DNA-binding domain (DBD) is a database of predicted sequence-specific DNA-binding transcription factors (TFs) for all publicly available proteomes. The proteomes have increased from 150 in the initial version of DBD to over 700 in the current version. All predicted TFs must contain a significant match to a hidden Markov model representing a sequence-specific DNA-binding domain family. Access to TF predictions is provided through http://transcriptionfactor.org , where new search options are now provided such as searching by gene names in model organisms, searching for all proteins in a particular DBD family and specific organism. We illustrate the application of this type of search facility by contrasting trends of DBD family occurrence throughout the tree of life, highlighting the clear partition between eukaryotic and prokaryotic DBD expansions. The website content has been expanded to include dedicated pages for each TF containing domain assignment details, gene names, links to external databases and links to TFs with similar domain arrangements. We compare the increase in number of predicted TFs with proteome size in eukaryotes and prokaryotes. Eukaryotes follow a slower rate of increase in TFs than prokaryotes, which could be due to the presence of splice variants or an increase in combinatorial control.
Sequence-specific DNA-binding transcription factors (TFs) each recognize a family of cis -regulatory DNA sequences described by a consensus motif ( 1 ) or position-specific weight matrix ( 2 ). They regulate spatial and temporal gene expression by binding to DNA and either activating or repressing action of an RNA polymerase. Like other proteins, TFs are composed of evolutionary units called domains, which belong to families that can occur in many different proteins and various domain combinations. In the DBD database, we define TFs as proteins containing a sequence-specific DNA-binding domain (DBD). Other databases, such as TrSDB ( 3 ), or data sets, such as Messina et al. ( 4 ), include both specific and general TFs. The precise description of TFs as sequence-specific DNA-binding we use is useful in a wide variety of studies. Examples include: improving genome annotation; high-throughput experiments such as ChIP–chip, protein chip or yeast one-hybrid ( 5 ); and studies of the evolution of gene regulation comparing multiple genomes ( 6 ), or gene regulation networks ( 7 ). The DBD database has been used as an annotation tool in the context of the InterPro ( 8 ) and FlyTF ( http://FlyTF.org ) ( 9 ) databases.

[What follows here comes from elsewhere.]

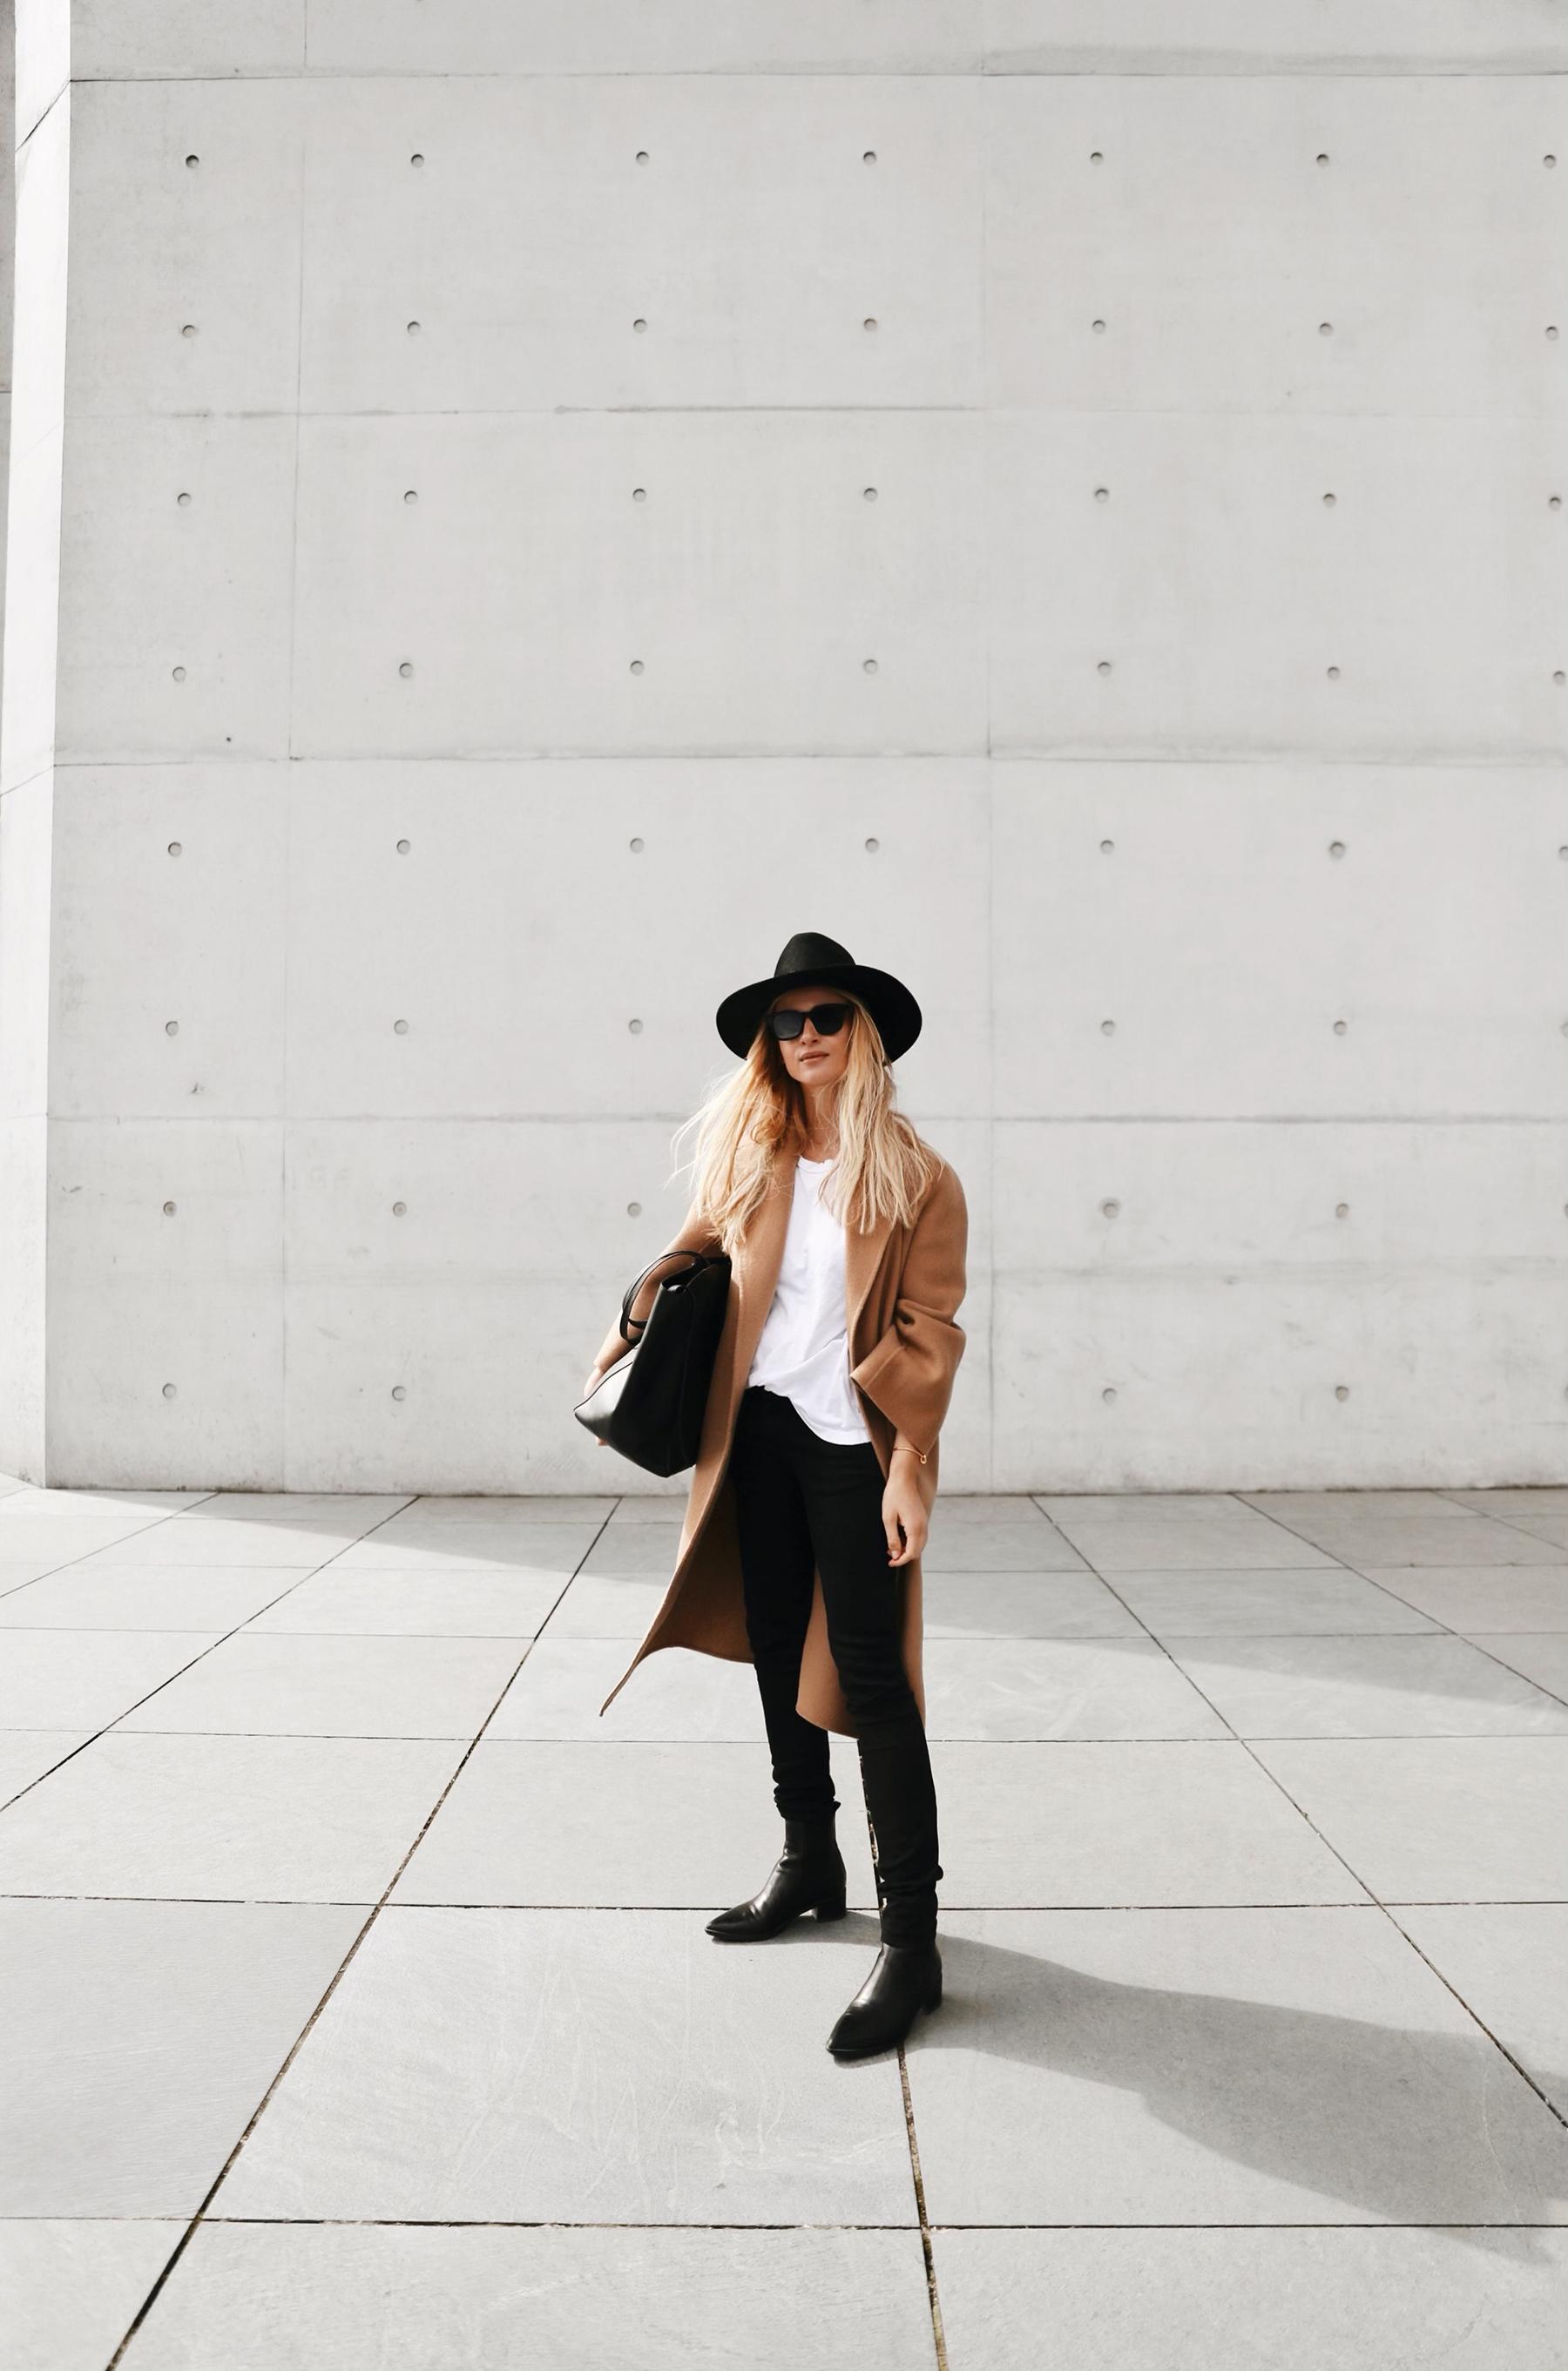 MIJA_CAMELCONCRETE_7

Access to the DBD database is via http://transcriptionfactor.org , where all data is available for viewing and immediate download. The community can browse predictions for over 700 species (from Arabidopsis thaliana to Zymomonas mobilis ) or DBD family (including helix–turn–helix, zinc-fingers, homeobox and many others); search predictions by sequence identifier or domain family; receive classifications for submitted protein sequences, and download our domain assignments, as well as our manually curated list of DBDs.
The prediction method in the DBD database ( 10 ) uses hidden Markov models (HMMs) to identify domains in proteins from two databases: SUPERFAMILY ( 11 ) and Pfam ( 12 ). From DBD release 2.0 onwards, updated annotation resulted in 303 HMMs from SUPERFAMILY and 145 from Pfam compared to a total of 251 HMMs in the first version of DBD. The HMMs from SUPERFAMILY represent 37 superfamilies and 87 families according to the definitions in the SCOP database ( 13 ). This includes 98 new models representing 37 sequence-specific DBD families. This resulted in an increase in additional TF predictions of 4.7%, for the 150 organisms in the original version of DBD.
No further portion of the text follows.